Scientists may have solved the mystery of missing sulfur in space. A new study suggests sulfur is trapped in icy dust grains, forming crown-like rings and hydrogen-linked chains that hide it from telescopes, offering clues to cosmic chemistry.
For decades, astronomers and chemists have been puzzled by a strange cosmic mystery: where is all the sulfur?
On Earth, sulfur is everywhere. It shapes our oceans, spews from volcanoes, comes out of coal-fired power plants, and even plays a role in life itself. In fact, sulfur is the 10th most common element in the universe and an essential ingredient for planets, stars, and living things. Yet when scientists peer into space, they find far less of it than expected.
The Missing Element
When researchers look at giant clouds of dust and gas—the birthplace of stars—they expect to see plenty of sulfur. But telescope readings show that the amount of sulfur is thousands of times lower than what theories predict. For years, this mismatch has left scientists scratching their heads.
A New Clue in Cosmic Ice
A team of astrochemists from the University of Mississippi, the University of Hawaii, and Georgia State University believe they’ve found the answer. Their new study, published in Nature Communications, suggests that sulfur isn’t missing at all—it’s just hiding in plain sight.
In the icy depths of space, sulfur atoms can stick to frozen dust grains and rearrange themselves into tricky molecular shapes. Two of the most likely forms are:
- Sulfur crowns (S8) – eight atoms linked together in a ring that looks like a tiny crown.
- Polysulfanes – chains of sulfur atoms bound together with hydrogen.
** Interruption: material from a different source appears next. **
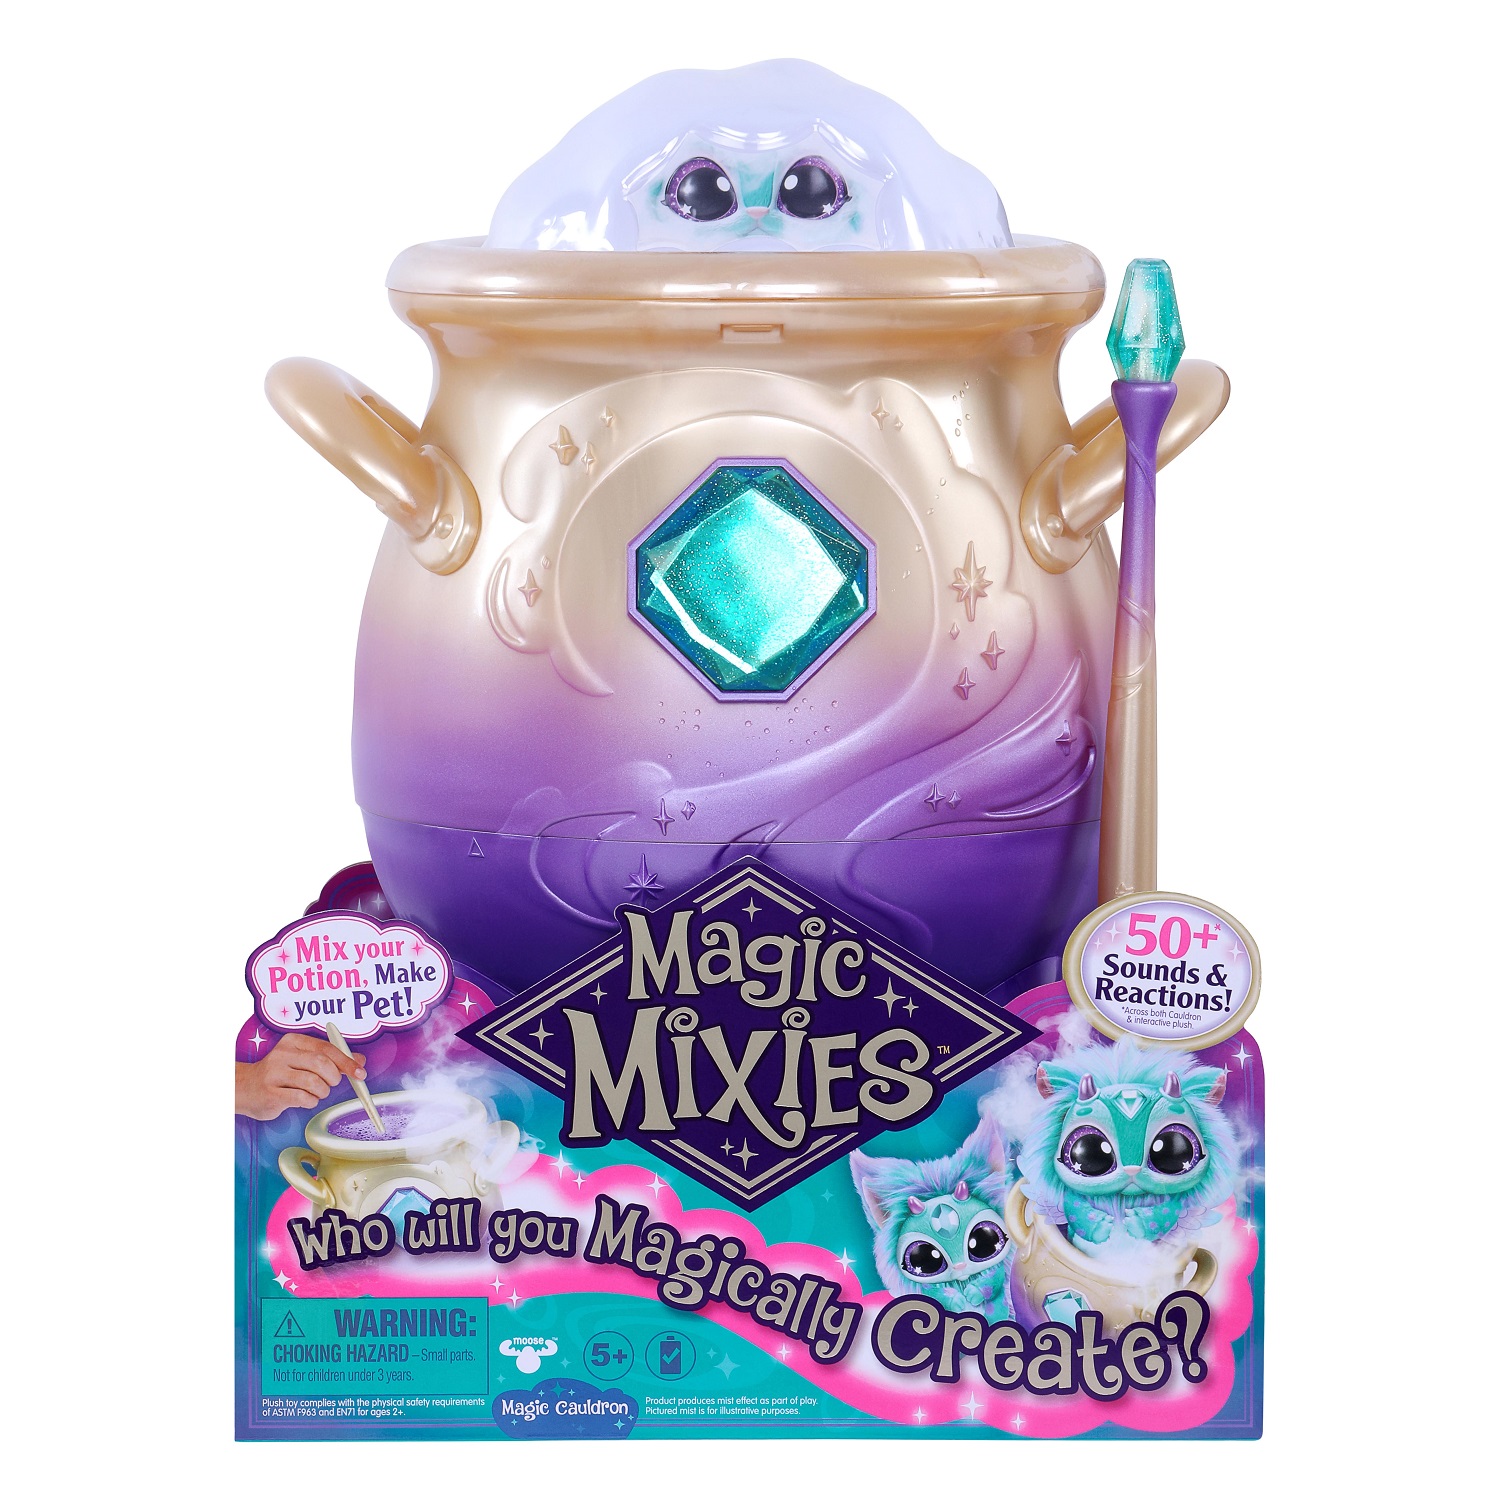 Мэджик Миксис Игровой набор интерактив Волшебный котел бирюз ТМ Magic Mixies

These unusual forms don’t give off the same easy-to-spot signals that telescopes pick up for elements like oxygen or carbon, making them incredibly difficult to detect.
Why Telescopes Miss It
When scientists use powerful instruments like the James Webb Space Telescope, they rely on light “fingerprints” to identify elements in space. Oxygen, carbon, and nitrogen give off clear, predictable signals. But sulfur doesn’t behave that way. Because it can constantly change shape—sometimes forming rings, sometimes chains—it hides from our usual detection methods.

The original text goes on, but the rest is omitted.